Exercise aim - What the answer must hold is the line containing "v tem obsežnem" and all lines after it through the end of the listing, copied exactly, with pictures left out.

Dataset section -
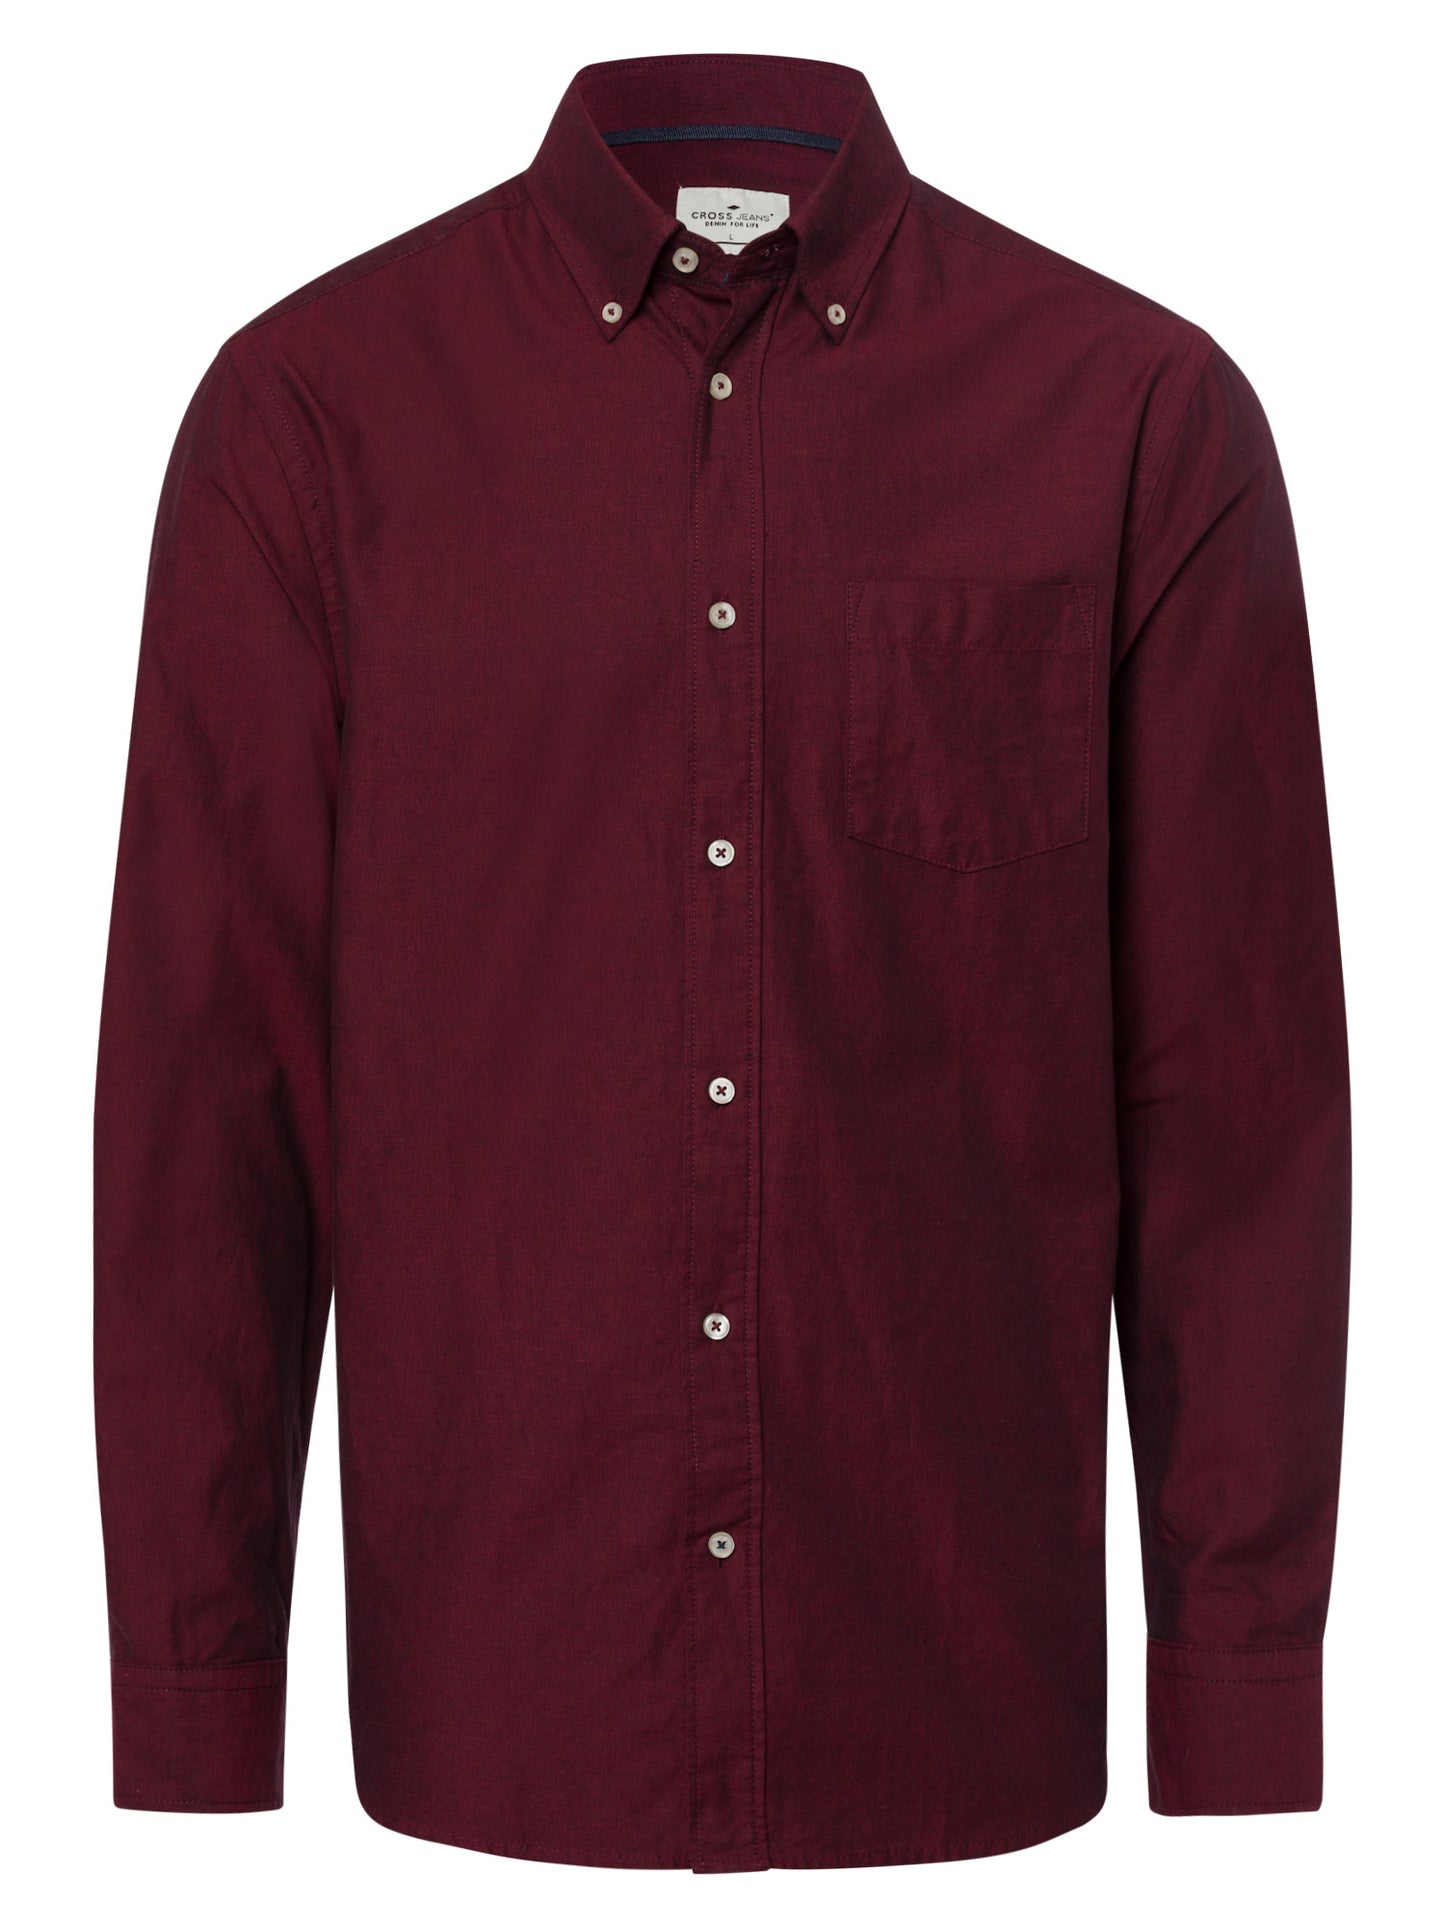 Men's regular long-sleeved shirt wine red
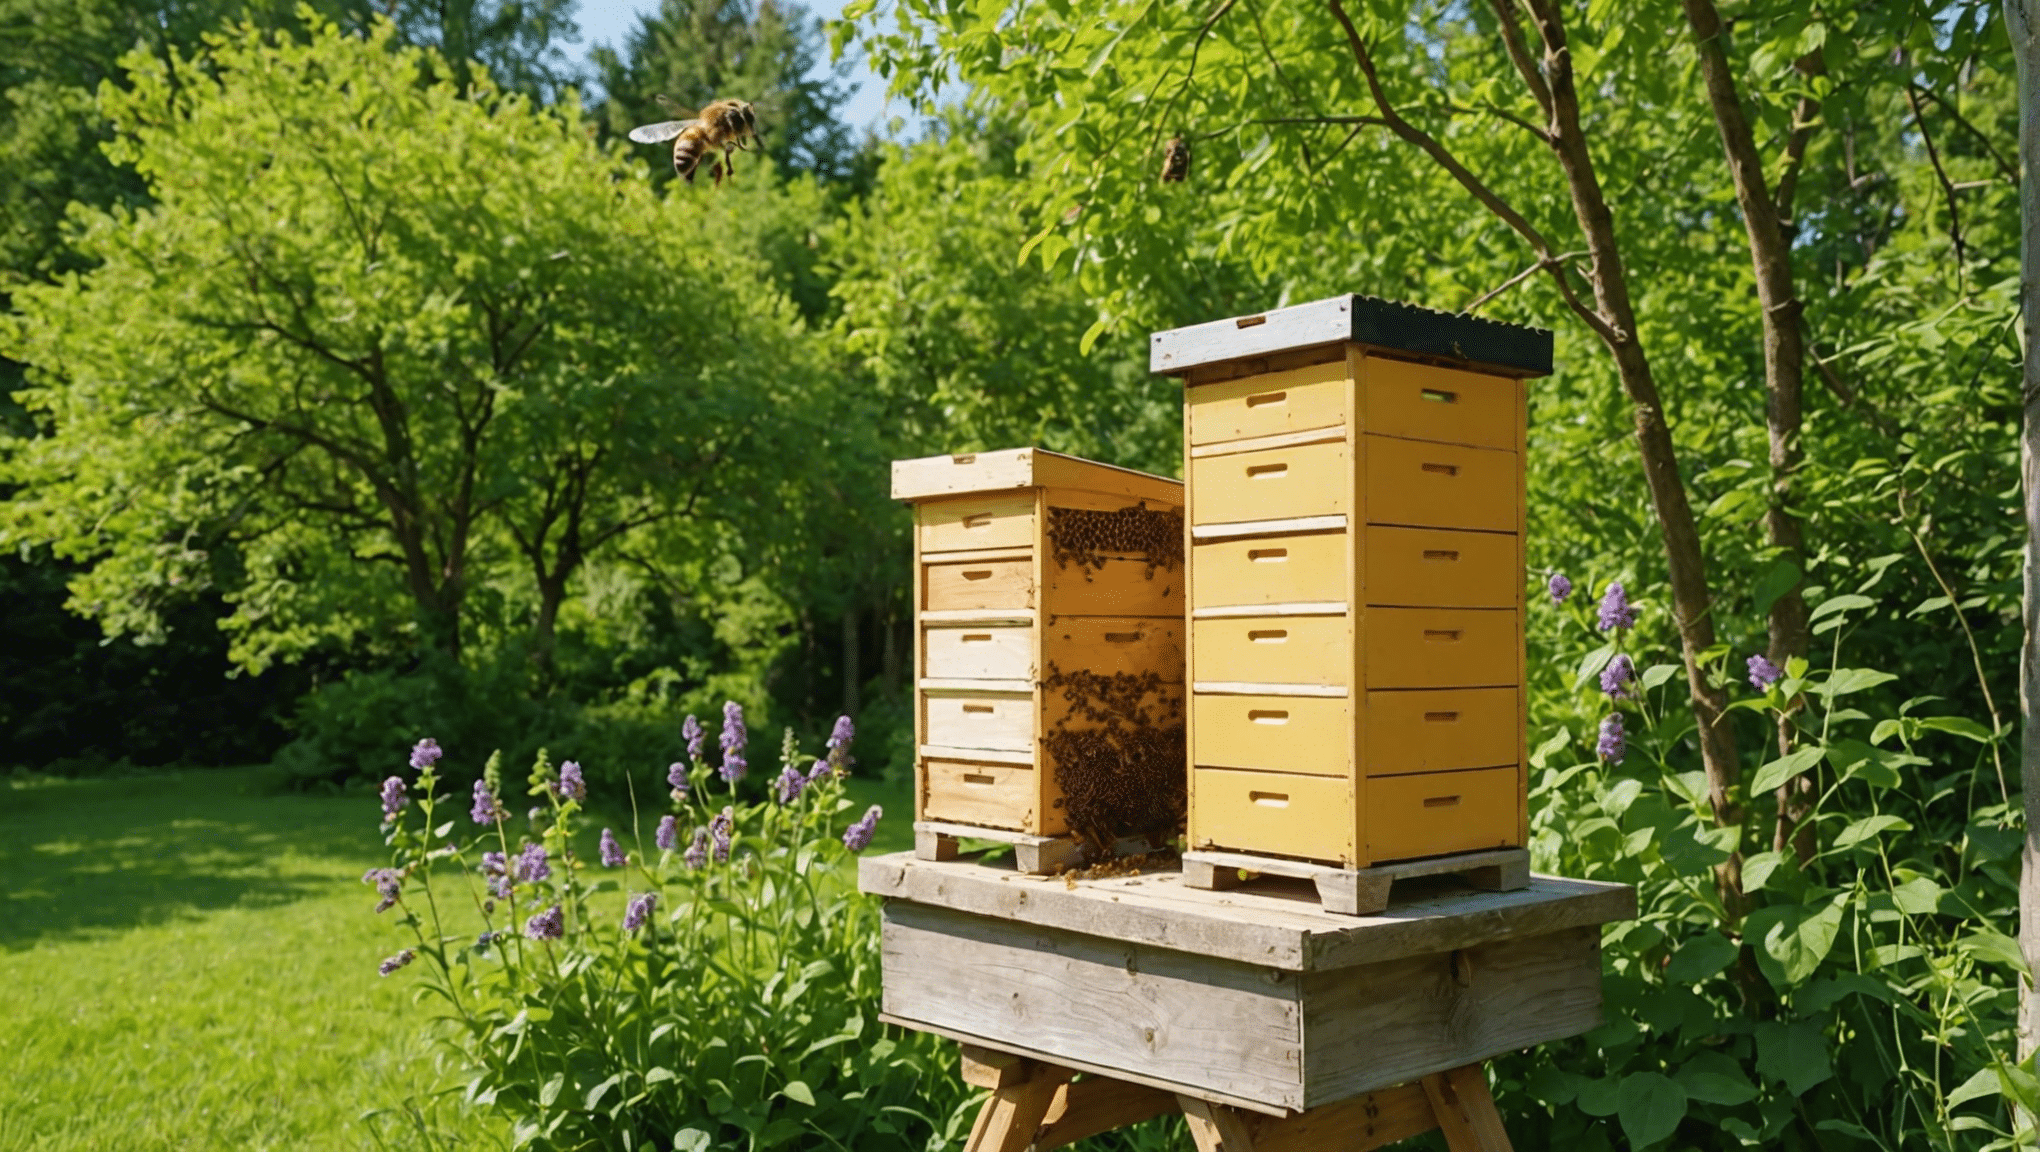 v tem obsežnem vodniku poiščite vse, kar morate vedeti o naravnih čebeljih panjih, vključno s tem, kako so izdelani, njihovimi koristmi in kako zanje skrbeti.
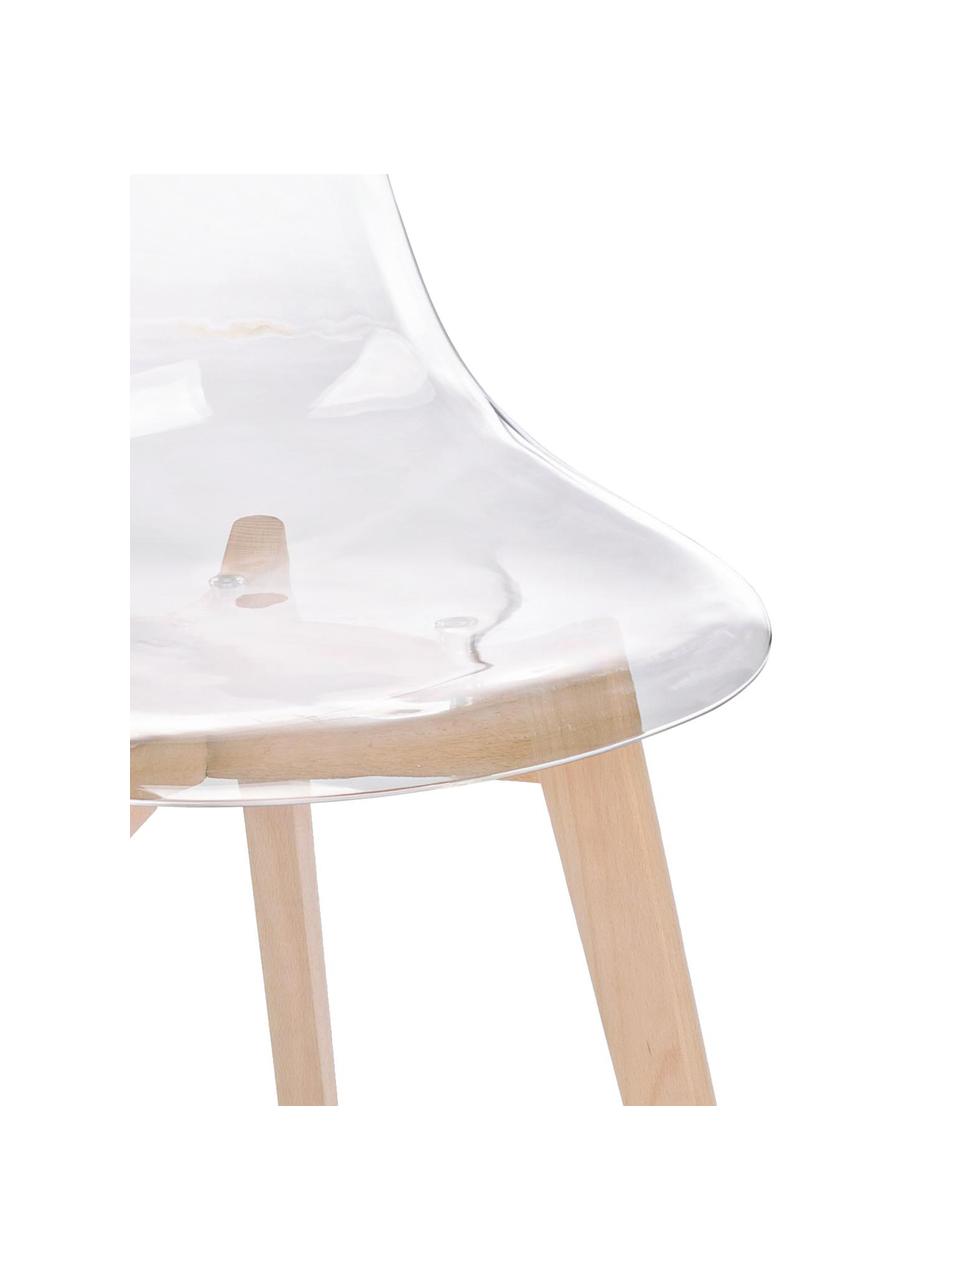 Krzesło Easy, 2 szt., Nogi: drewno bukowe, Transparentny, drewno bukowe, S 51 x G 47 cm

Finished exercise -
 v tem obsežnem vodniku poiščite vse, kar morate vedeti o naravnih čebeljih panjih, vključno s tem, kako so izdelani, njihovimi koristmi in kako zanje skrbeti.
 Krzesło Easy, 2 szt., Nogi: drewno bukowe, Transparentny, drewno bukowe, S 51 x G 47 cm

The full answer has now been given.